Sidang MK Pilkada Pangkep, Ini Jawaban Bawaslu Soal Laporan Politik Uang

Sidang MK Pilkada Pangkep, Ini Jawaban Bawaslu Soal Laporan Politik Uang

BA
Badauni AP

Penulis

Terkinidotid Hadir di WhatsApp Channel
Follow

Terkini.id, Pangkep - Badan Pengawas Pemilu (Bawaslu) Kabupaten Pangkep memberikan jawaban tentang peristiwa politik uang, yang terjadi di Pilkada Pangkep, pada persidangan di Mahkamah Konstitusi.

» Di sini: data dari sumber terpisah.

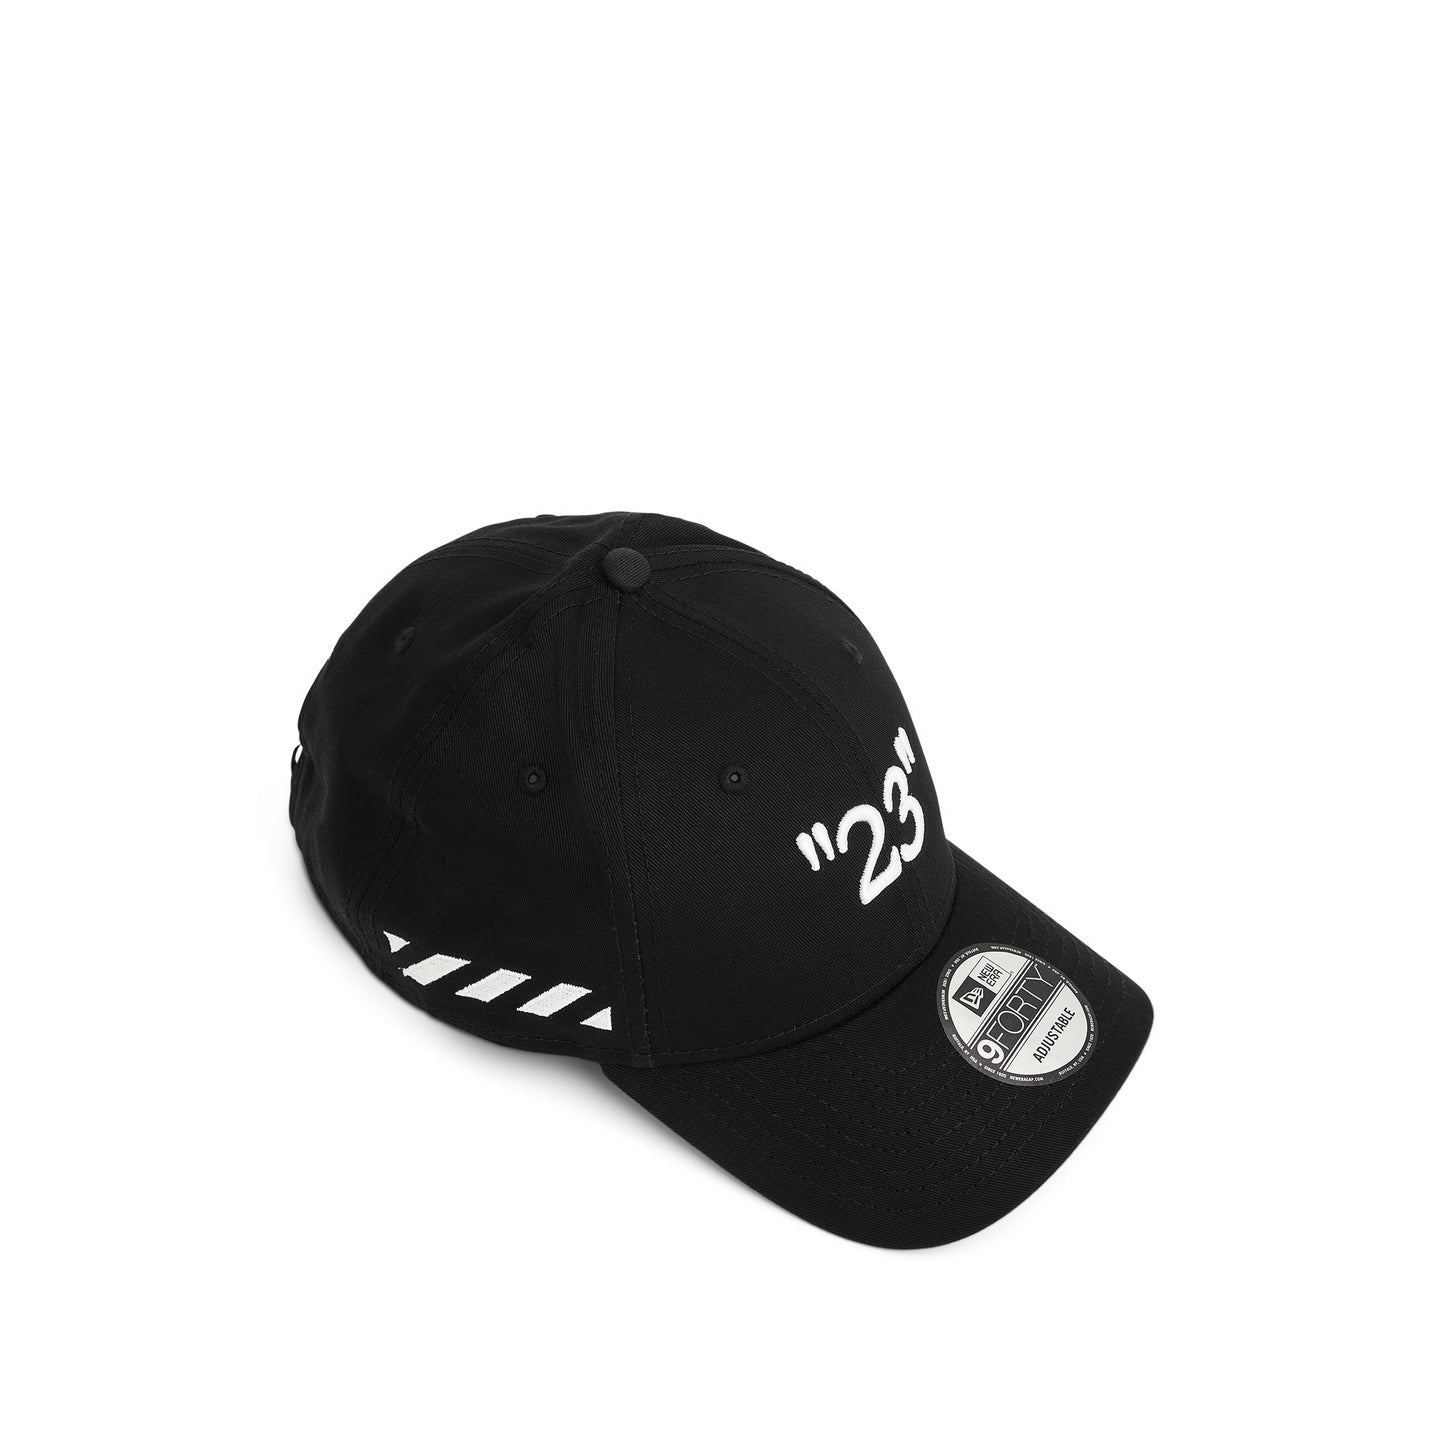 Kit Capsule Cap in Black White
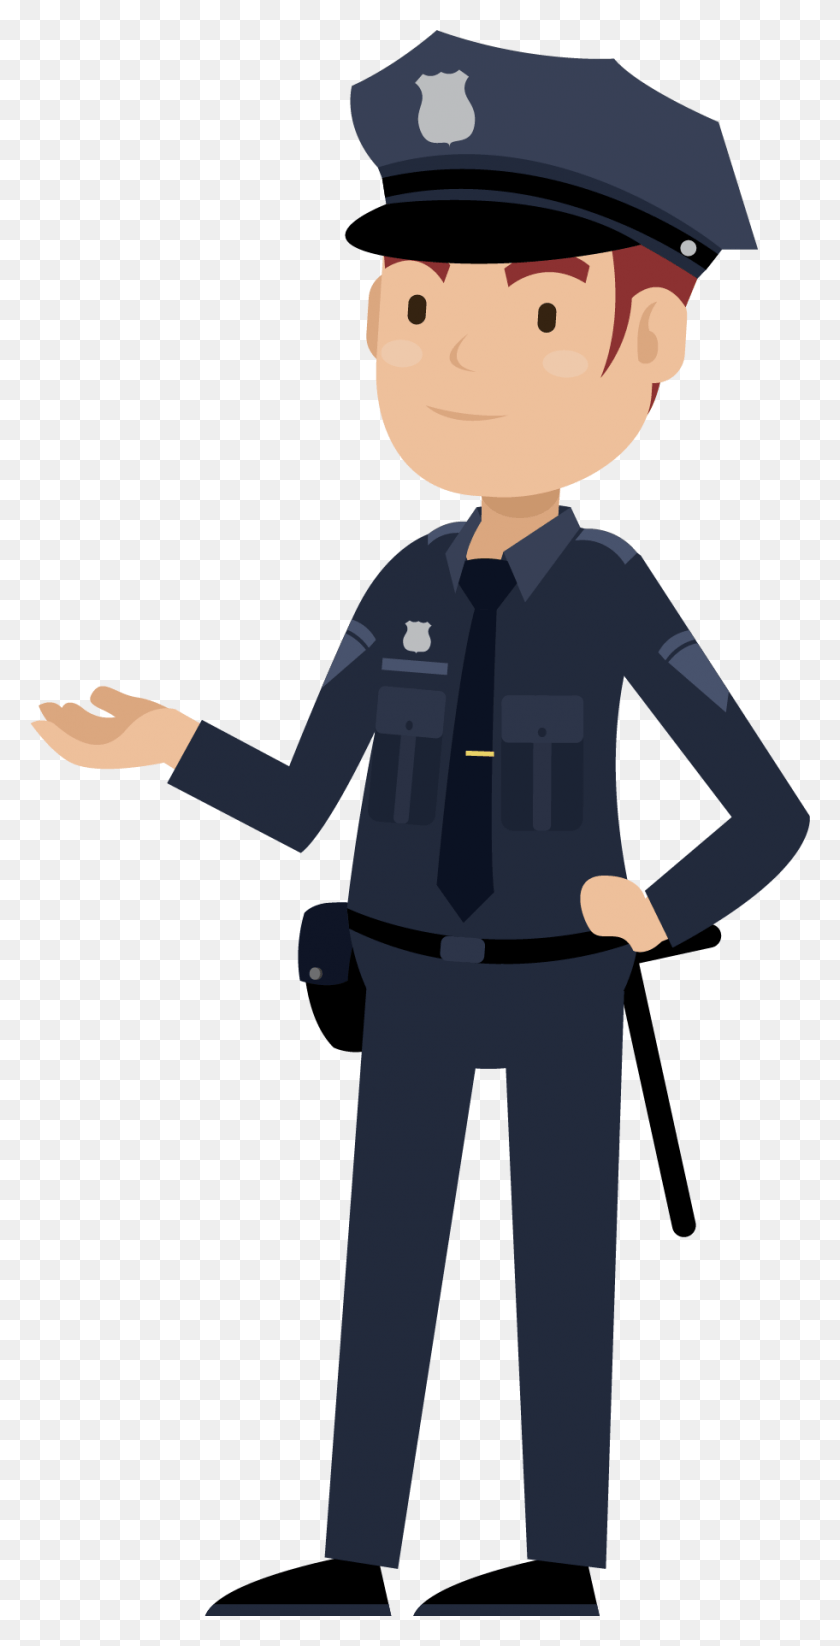 912x1855 Oficial De Seguridad Pública Delito De Seguridad De La Policía De Dibujos Animados, Persona, Humano Hd Png

Ketua Bawaslu Pangkep Samsir Salam dalam keterangannya menjelaskan pihak Sentra Gakkumdu, telah melakukan penyelidikan yang terjadi di Kecamatan Bungoro atas laporan Sukma Paramitha, dan dinyatakan tidak memenuhi unsur tindak pidana politik.

"Dinyatakan tidak memenuhi unsur tindak pidana politik uang sebagaimana dimaksud pada Pasal 187 junto pasal 73 ayat 4 Undang-Undang nomor 10 tahun 2016 tentang perubahan kedua Undang-Undang nomor 1 Tahun 2015 yang selanjutnya disebut Undang-Undang Pemilihan," ujar Samsir, dalam sidang sengketa Pilkada di Gedung Mahkamah Konstitusi, Jakarta, Kamis, 4 Februari 2021. 

Dalam sidang itu, Bawaslu menjelaskan peristiwa politik uang dibeberapa kecamatan seperti Kecamatan Segeri, Minsatene, Liukang Tangaya, dan Tondong Tallasa dari hasil penylidikan Sentra Gakkumdu, laporan tersebut dinyatakan tidak memenuhi unsur.

Adapun di Kecamatan Liukang Tangaya, Bawaslu telah merekomendasikan Pemilihan Suara Ulang. 

Dalam Pilkda Pangkep rekapitulasi perolehan suara KPU Pangkep, Muhammad Yusran Lalogau-Syahban Sammana (MYL-SS) peroleh suara sebanyak 72.973 suara, Rahman Assagaf-Muammar Muhayang (Ramah) peroleh 53.348 suara, Andi Ilham Zainuddin-Rismayani (Aiz-Risma)  41.564 suara, dan Andi Nirawati-Lutfi (Anir-Lutfi)  30.467 suara.